- Promotional poster
- Directed by: Ere Kokkonen
- Written by: Ere Kokkonen
- Produced by: Anna-Maija Kokkonen
- Starring: Vesa-Matti Loiri Marjatta Raita Tapio Hämäläinen Marita Nordberg
- Distributed by: Ere Kokkonen Oy
- Release date: 10 September 2004;
- Running time: 100 min.
- Language: Finnish

= Uuno Turhapuro – This Is My Life =

Uuno Turhapuro - This Is My Life is a 2004 Finnish comedy film, made as a tribute to Spede Pasanen. It is the twentieth and last installment in the Uuno Turhapuro film series.

==Plot==
Uuno disguises as an old man and infiltrates a nursing home for rich old people, where his father-in-law also lives. The ever-hungry Uuno is seduced by the table groaning with food, but as it happens, he never manages to be there at dinnertime.

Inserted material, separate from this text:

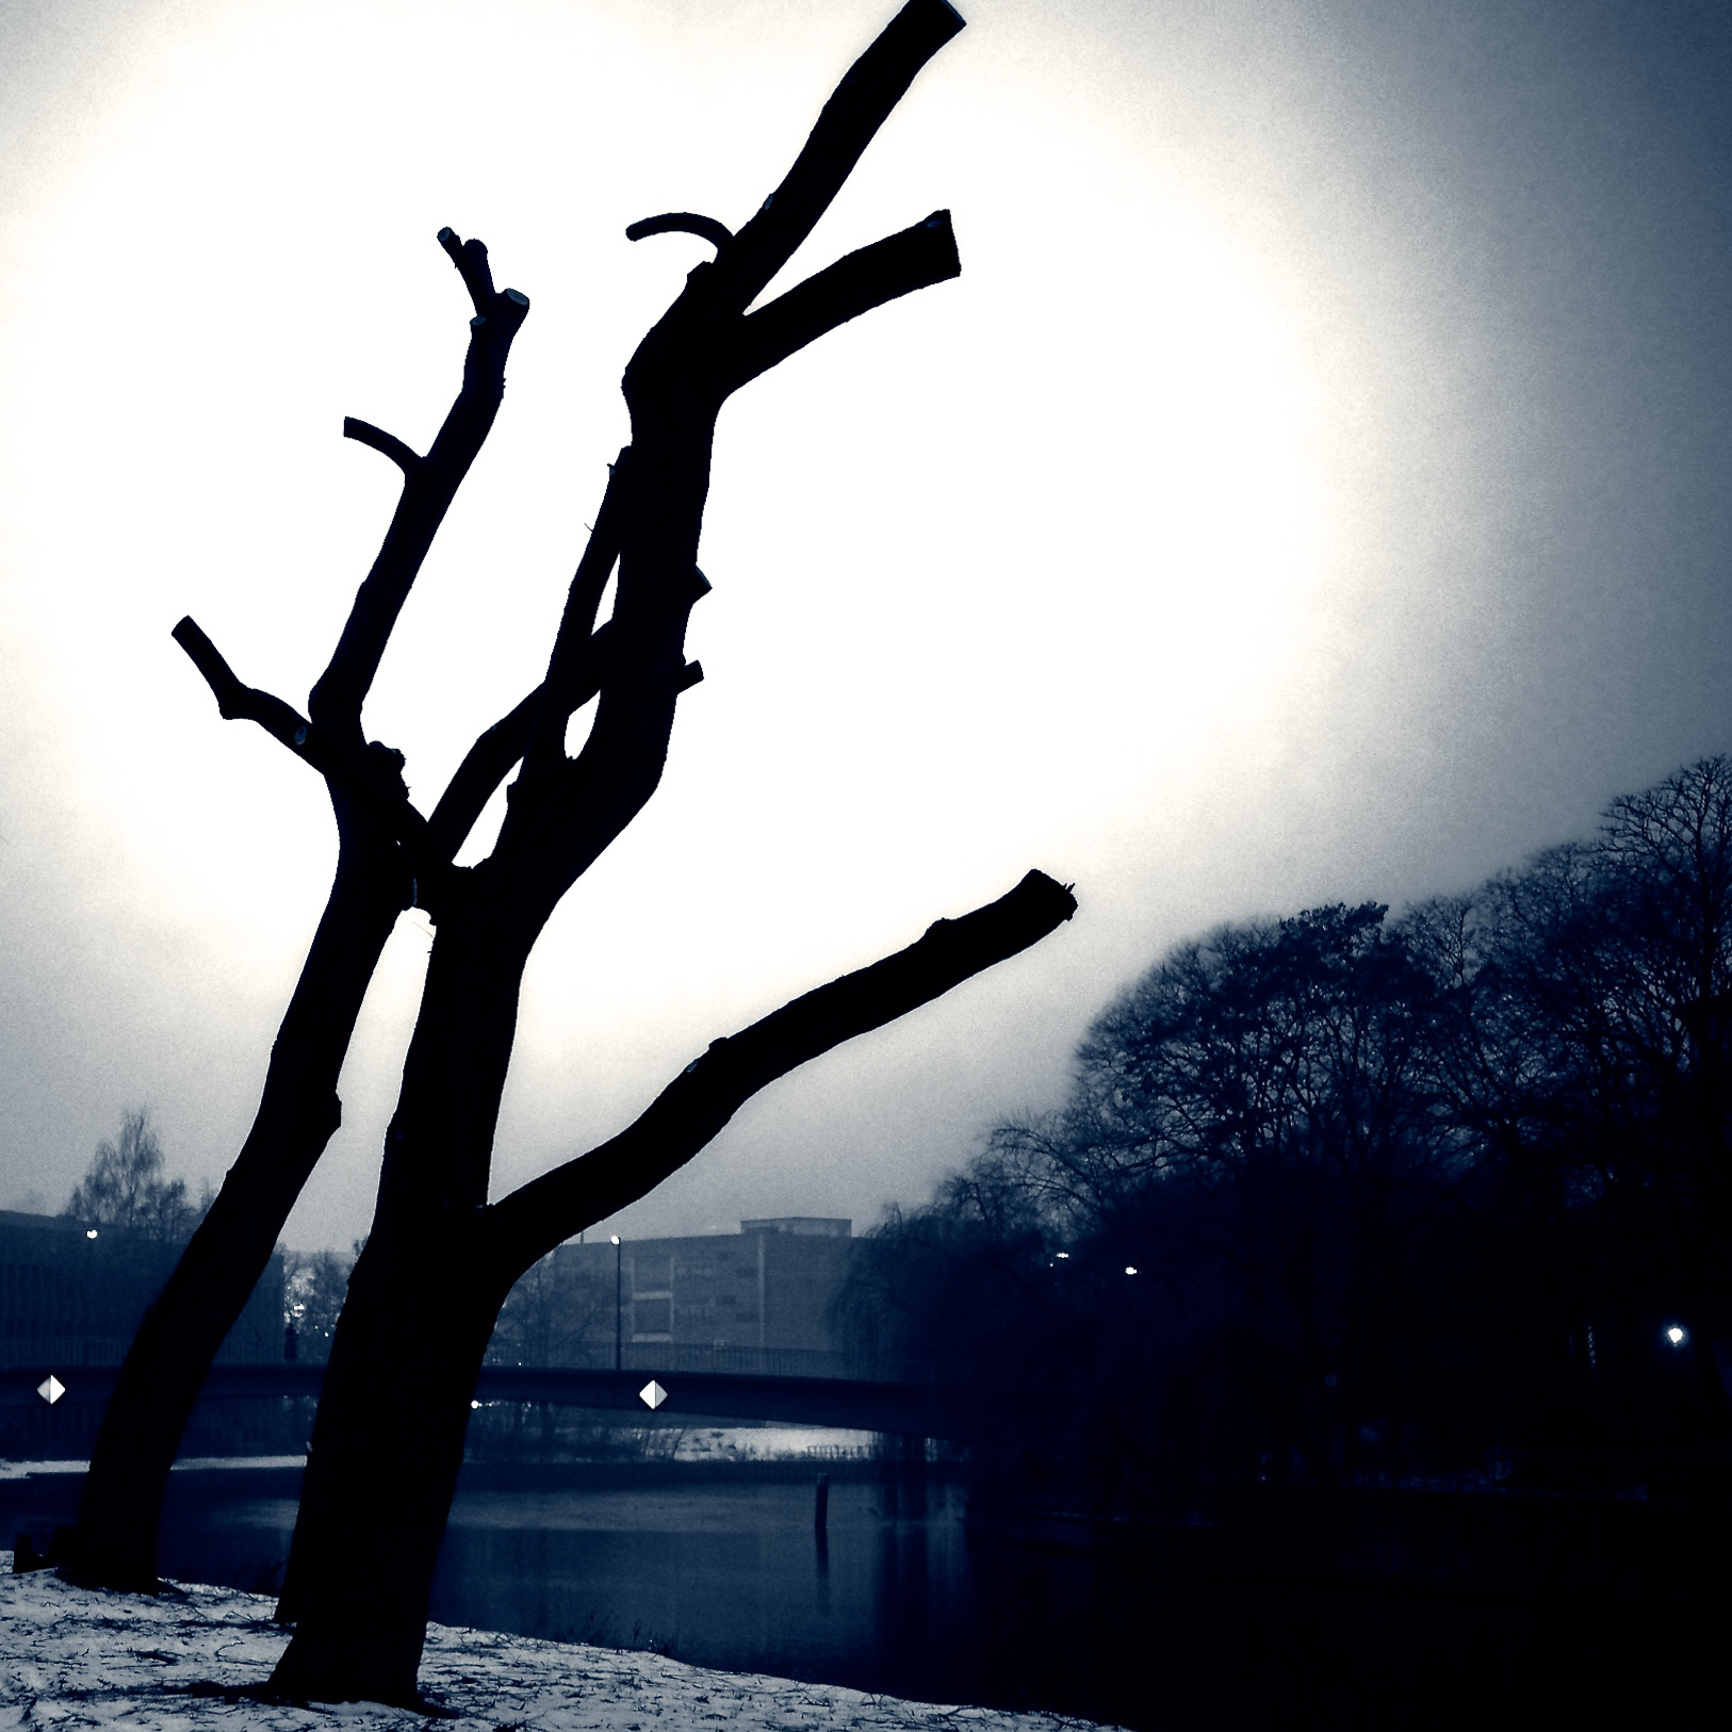 Berlin im Winter, Sonntagssymbolbild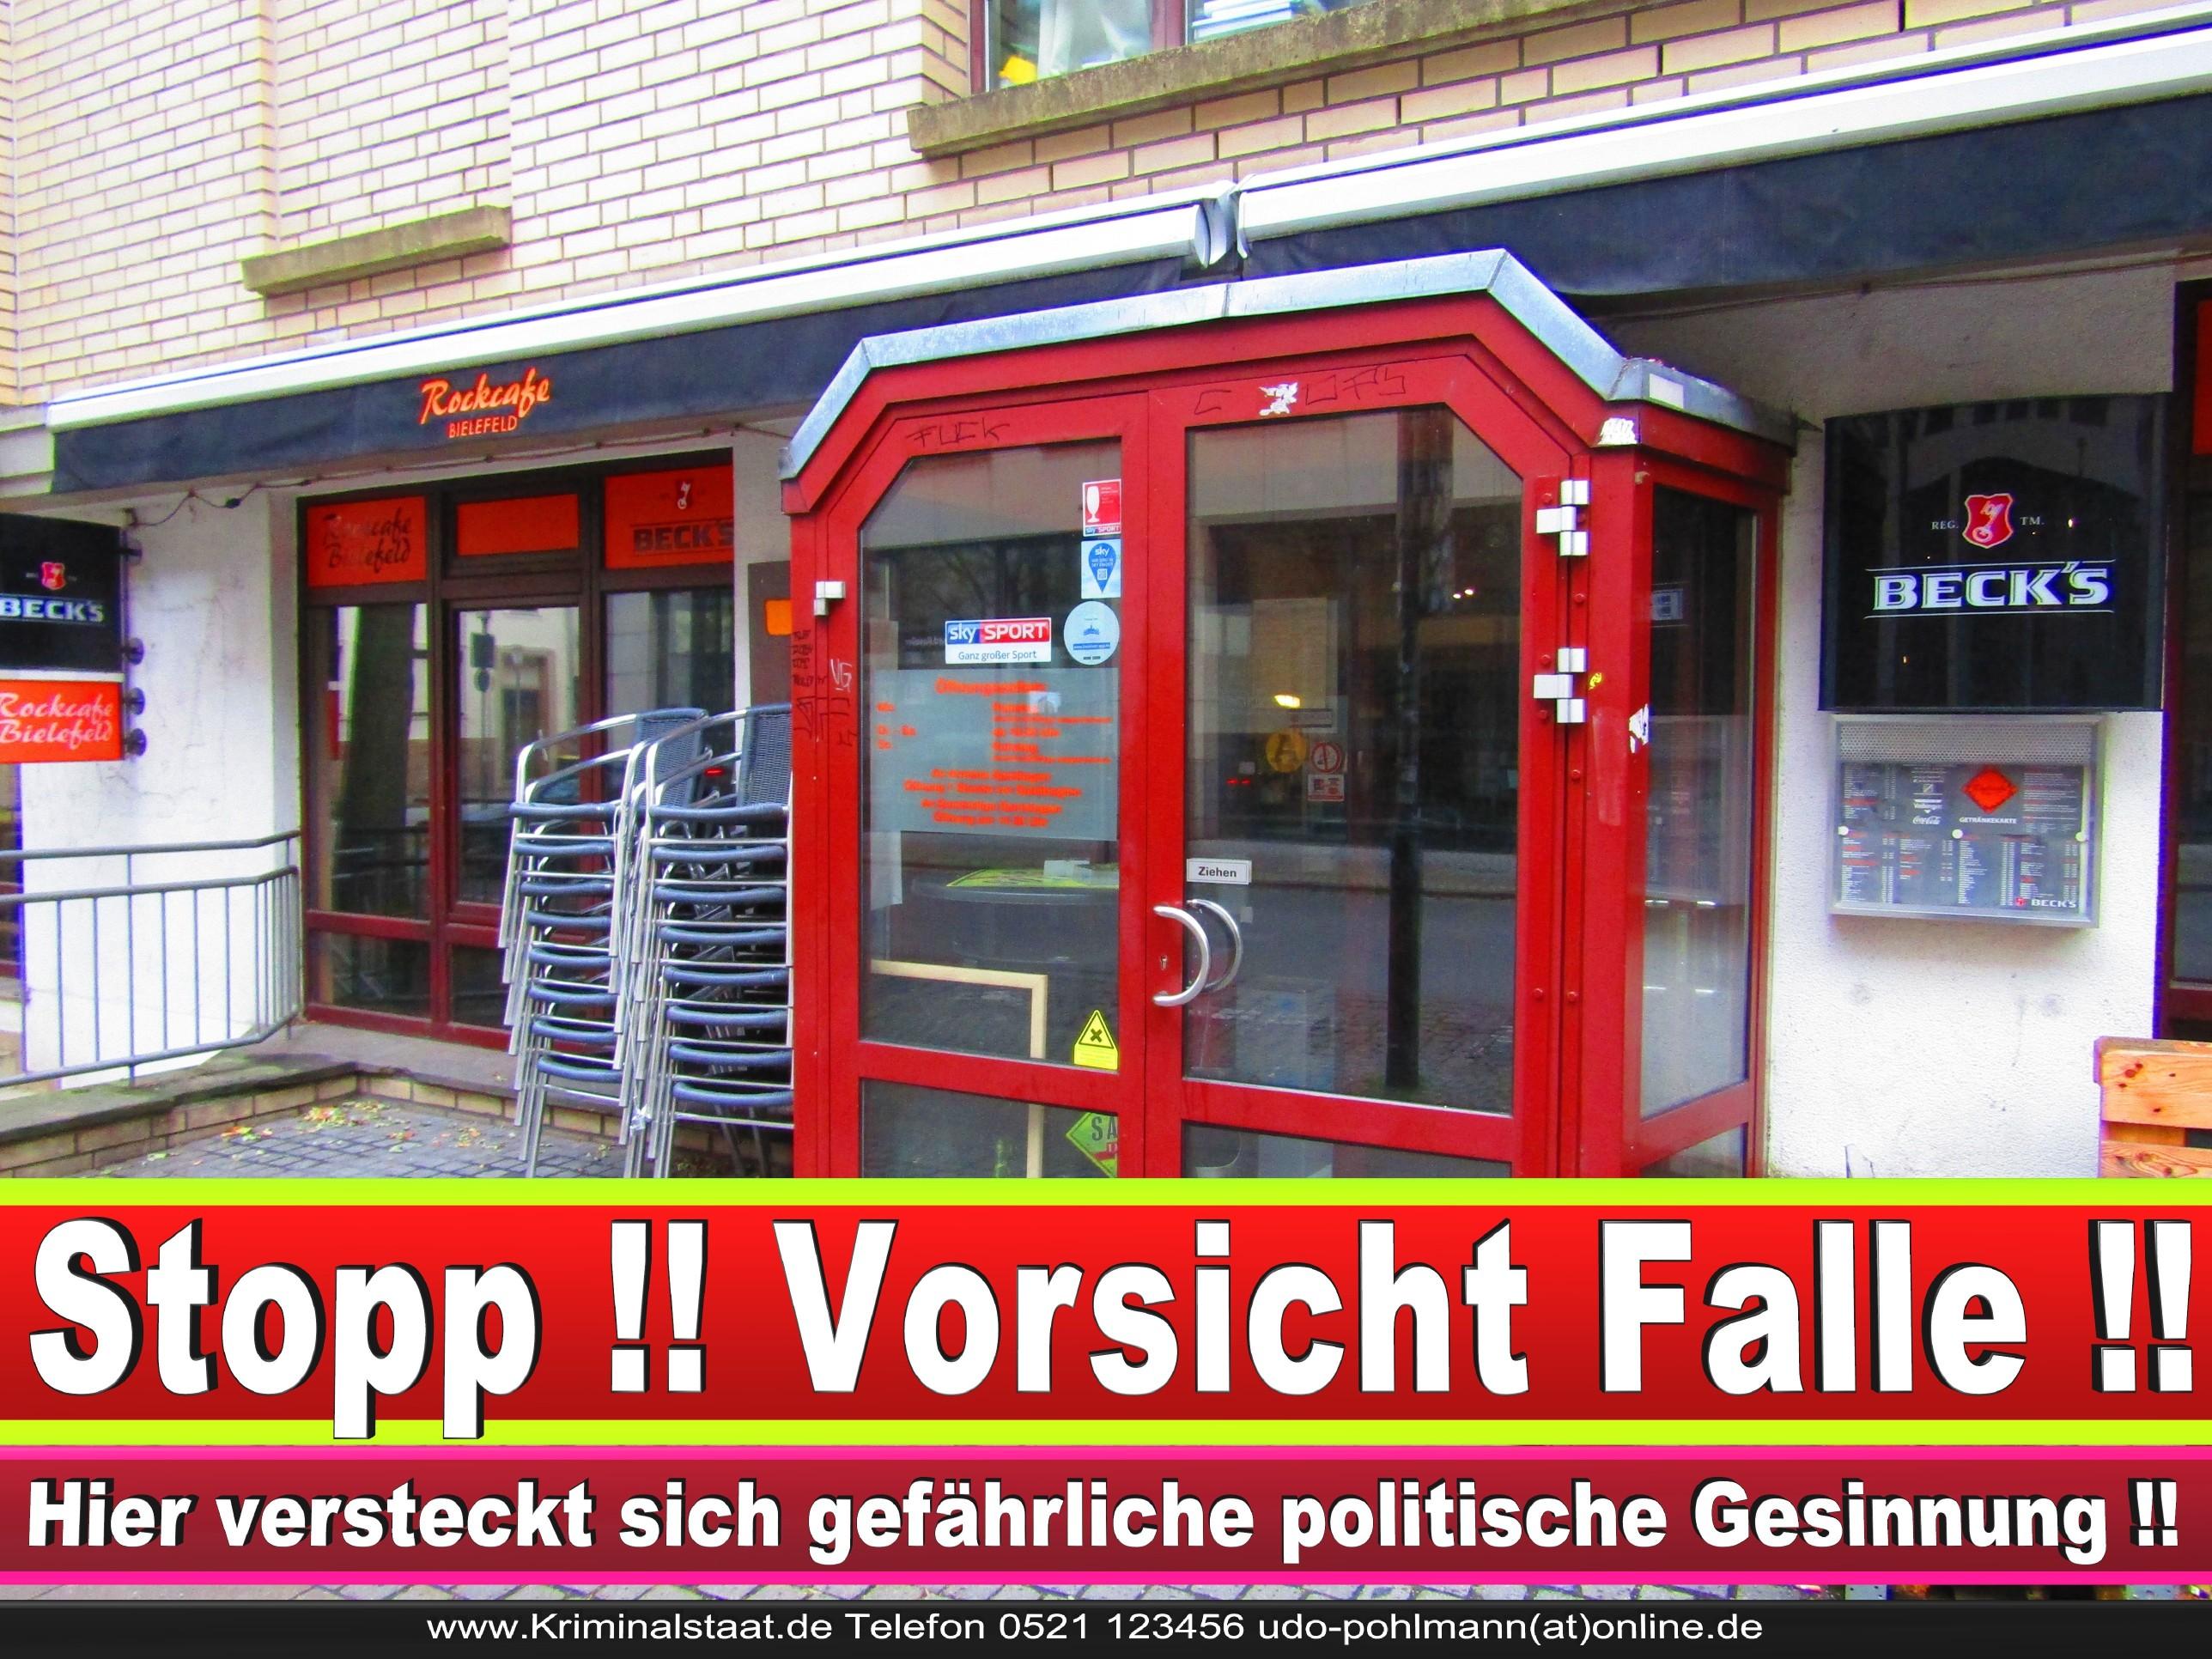 Rockcafe Bielefeld Neustädter Str 25 33602 CDU Bielefeld NRW 8

Meanwhile, Sörsselssön enters Uuno for a TV competition named This Is My Life, where contestants tell about their life as viewers vote them either to continue or out of the show. The nursing home elderly watch on TV as Uuno tells the show's host his life story.

==Production==
After Spede Pasanen died in 2001, a group led by Ere Kokkonen decided to make a final Turhapuro movie in remembrance of him. The plot is based on a common concept which Spede and Ere had of Uuno in a nursing home for the elderly. The film features much archival footage from prior entries in the series. Spede's character, Härski Hartikainen, appears exclusively through this material.

Many Finnish celebrities can be seen doing cameo roles, such as Danny, Mika Häkkinen, Tanja Karpela and Ben Zyskowicz.

The film was released in October 2004.